Strafverteidiger kündigt seinen Mandanten als Märchenerzähler vor Gericht an, 2006

Der Strafverteidiger – Aufgaben, Denk- und Arbeitsweise von Rechtsanwalt Dr. C. Lucas

Ich erinnere mich in diesem Zusammenhang an einen Vorfall aus meiner Referendarzeit: Während meiner Strafrechts-Station, die ich bei einem Strafrichter an einem kleinen münsterländischen Amtsgericht absolvierte, kam eines morgens vor Vcrhandlungsbeginn – der Angeklagte war noch nicht erschienen -dessen Strafverteidiger in den Gerichtssaal und kündigte die Einlassung seines Mandanten scherzhaft mit den Worten an: „Sie hören hier gleich ein Märchen aus tausendundeiner Nacht“.
(Zwischenfrage: würden Sie sich von diesem Kollegen gerne vertreten lassen?

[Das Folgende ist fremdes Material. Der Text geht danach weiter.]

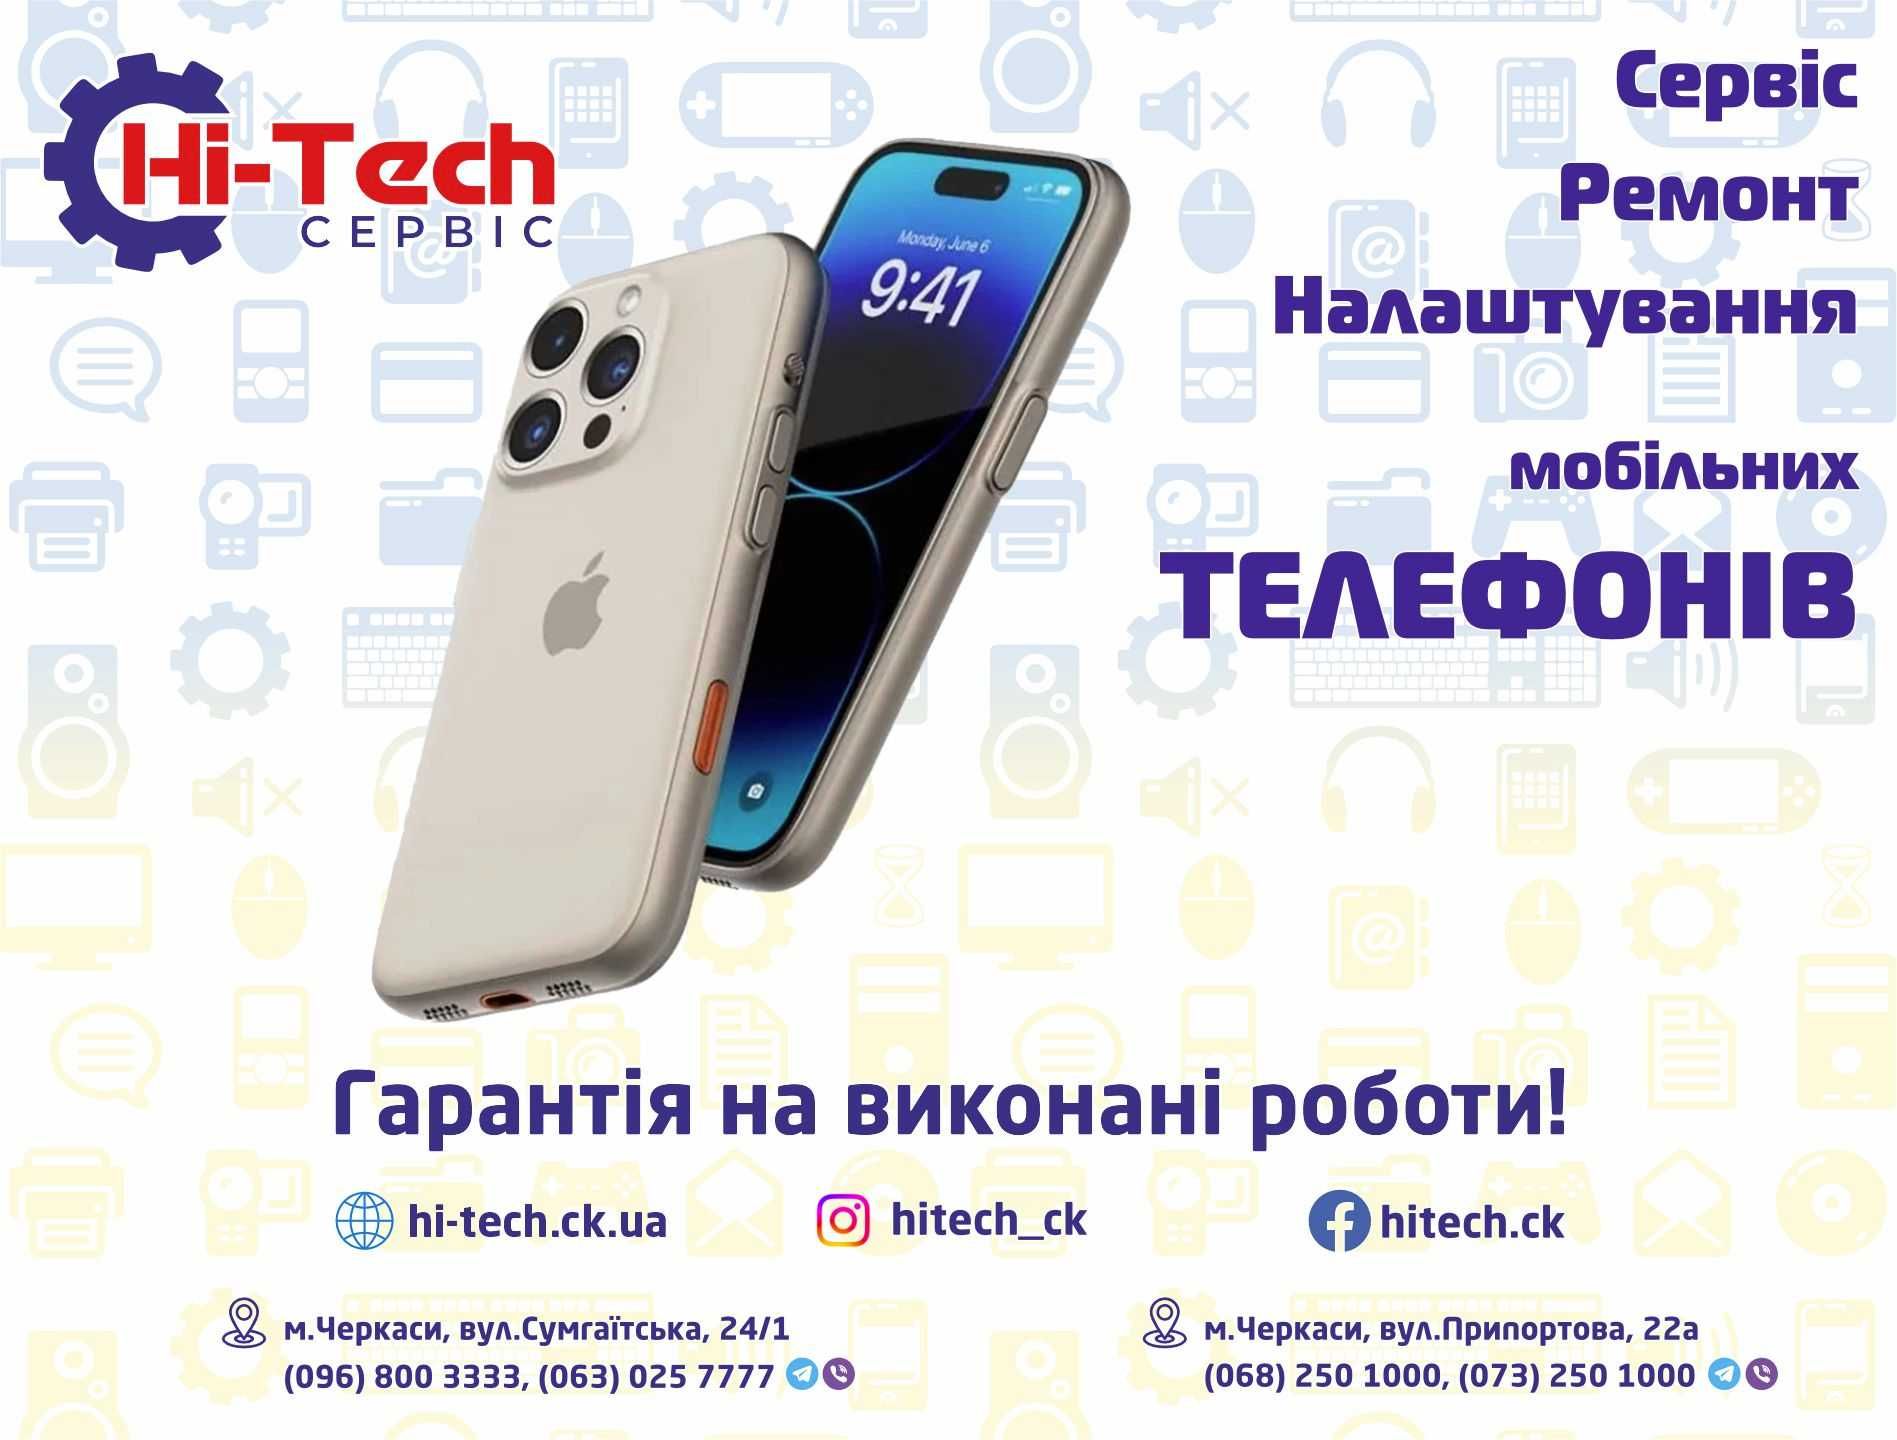 СЦ Hi-Tech. Ремонт телефонів, сервіс, налаштування у м.Черкаси

Wahrscheinlich nicht.) Mit diesem Ausspruch hat er sich selbst ein Armutszeugnis als Strafverteidiger ausgestellt. Ein souveräner Verteidiger hätte trotz der in der Tat abenteuerlichen Geschichte, die der Angeklagte sodann in der Verhandlung vortrug, spätestens im Schlussplädoyer hervorgehoben, dass im wahren Leben manchmal die unglaublichsten Geschichten passieren und den Richter ermahnt, die Unschuldsvermutung zu beachten.